Since it’s not so easy to share data (we usually deal with billions rows split into thousands of parquet over S3), here I provide a way to reproduce the situation.
import pandas as pd
import numpy as np
from datetime import datetime, timedelta
from pathlib import Path
df = pd.DataFrame({'Tstart' : [datetime(2019,1,1) + timedelta(minutes=m) for m in range(60*24*7)]})
for day in [datetime(2019,1,1) + timedelta(days=d) for d in range(7)]:
for cat in ['A', 'B', 'C']:
partition = df.copy()
partition['Tend'] = partition['Tstart'] + np.timedelta64(59, 's')
partition = partition[partition['Tstart'].dt.day == day.day]
partition['val'] = np.random.random(size=partition.shape[0])
partition['foo'] = np.random.choice(['x','y','z'], partition.shape[0])
out_path = Path(f"/var/data/test/partitions/{day.strftime('%Y-%m-%d')}/{cat}/data.parquet")
out_path.parents[0].mkdir(exist_ok=True, parents=True)
partition.to_parquet(out_path, index=False)

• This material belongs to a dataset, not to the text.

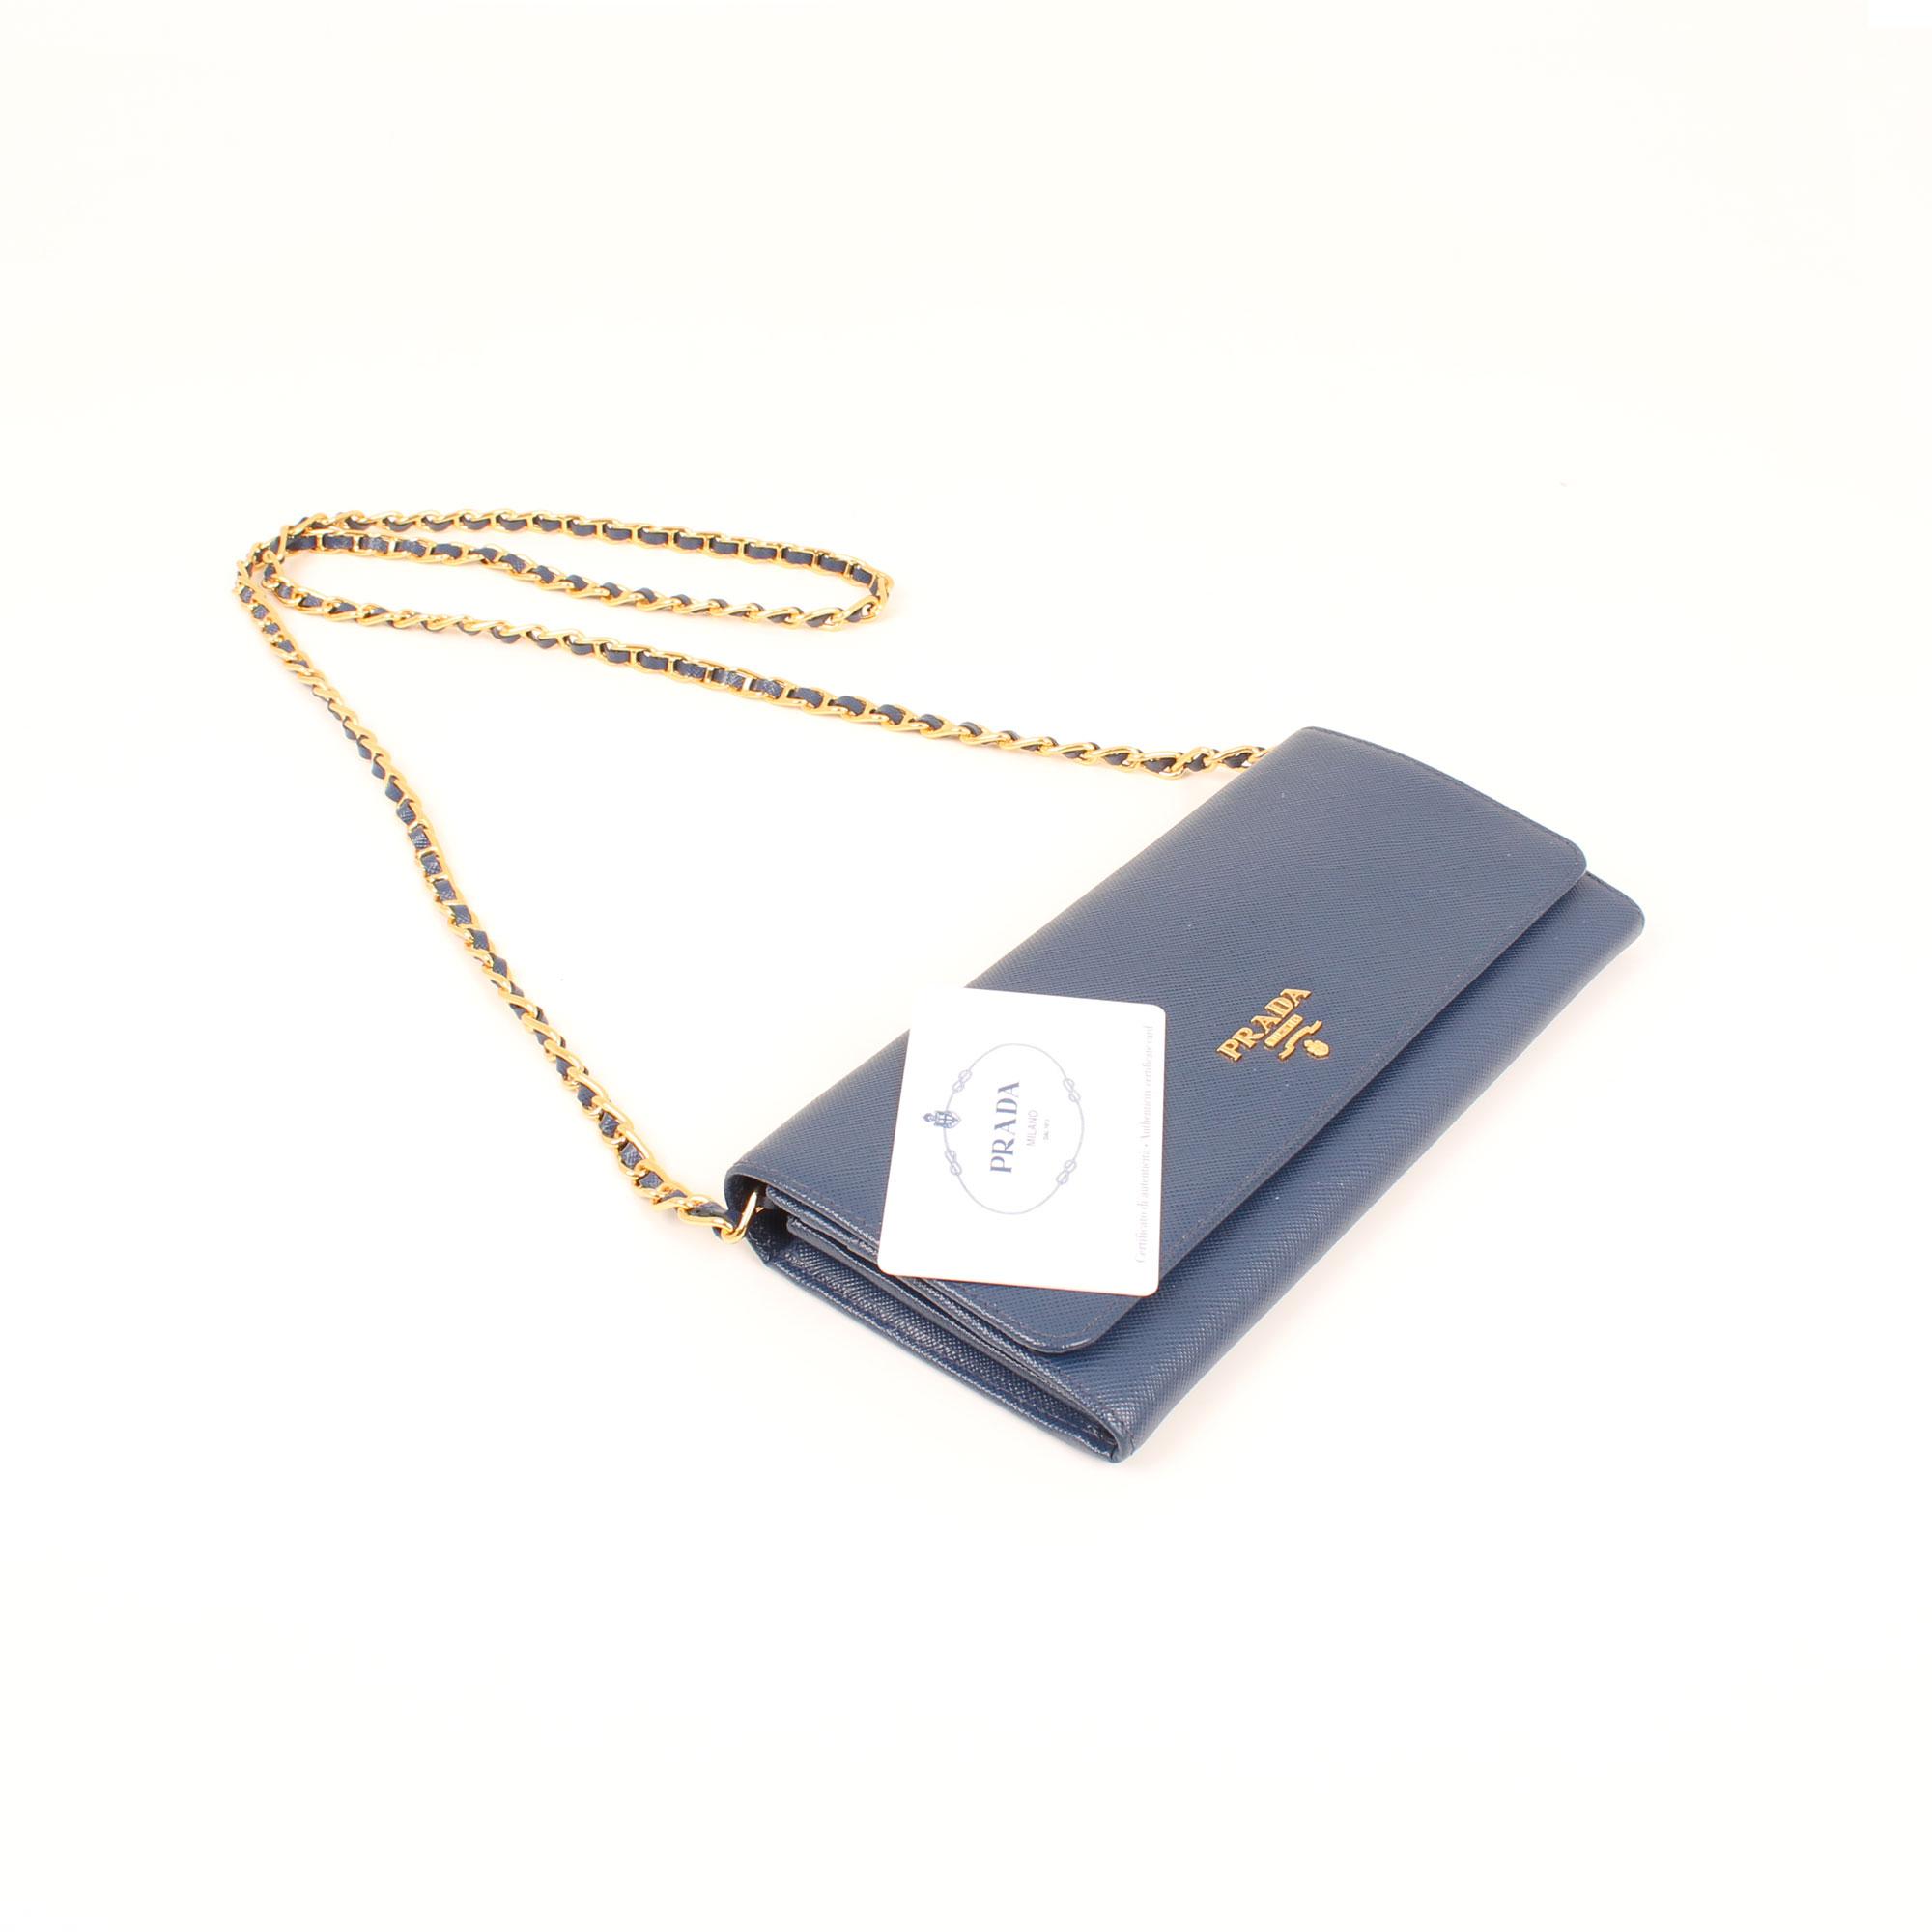 bag-prada-wallet-on-chain-saffiano-metal-bluette-blue-card

This code creates a group of 21 parquet files. “dir0” is the day, “dir1” is the “category”. Inside every parquet file, the column “Tstart” contains only timestamps that match the “day” partition. This is the view I define on the dataset:
SELECT Tstart, Tend, val, foo, TO_DATE(dir0, ‘YYYY-MM-DD’) part_day, dir1 part_cat FROM partitions
Now, this is a query (#1) that Dremio can smartly process:
SELECT * FROM test
WHERE
Tstart >= ‘2019-01-01 12:00’
and Tstart < ‘2019-01-01 15:00’
and part_cat = ‘A’
In the job panel, it is reported that this query reads 180 values and returns 180. Awesome, Dremio is reading only “2019-01-01/A/data.parquet” file, and only a part of it (every data.parquet contains 1440 rows, as the minutes in a day).
Then this query (#2):
SELECT * FROM test
WHERE
Tstart >= ‘2019-01-01 6:00’
and Tstart < ‘2019-01-02 18:00’
and part_cat = ‘B’
reads 2160 rows and returns 2160. Brilliant, is is exactly 1080 rows from “2019-01-01/B/data.parquet” file plus 1080 rows from “2019-01-02/B/data.parquet” file.
Now the “problem”, go back to the first query and add a WHERE clause (#3):
SELECT * FROM test
WHERE
Tstart >= ‘2019-01-01 12:00’
and Tstart < ‘2019-01-01 15:00’
and part_cat = ‘A’
and foo = ‘x’
This query reads 3346 rows (more than the same query without the clause on “foo”) and returns 61 rows. The question is why it reads more rows than the first query?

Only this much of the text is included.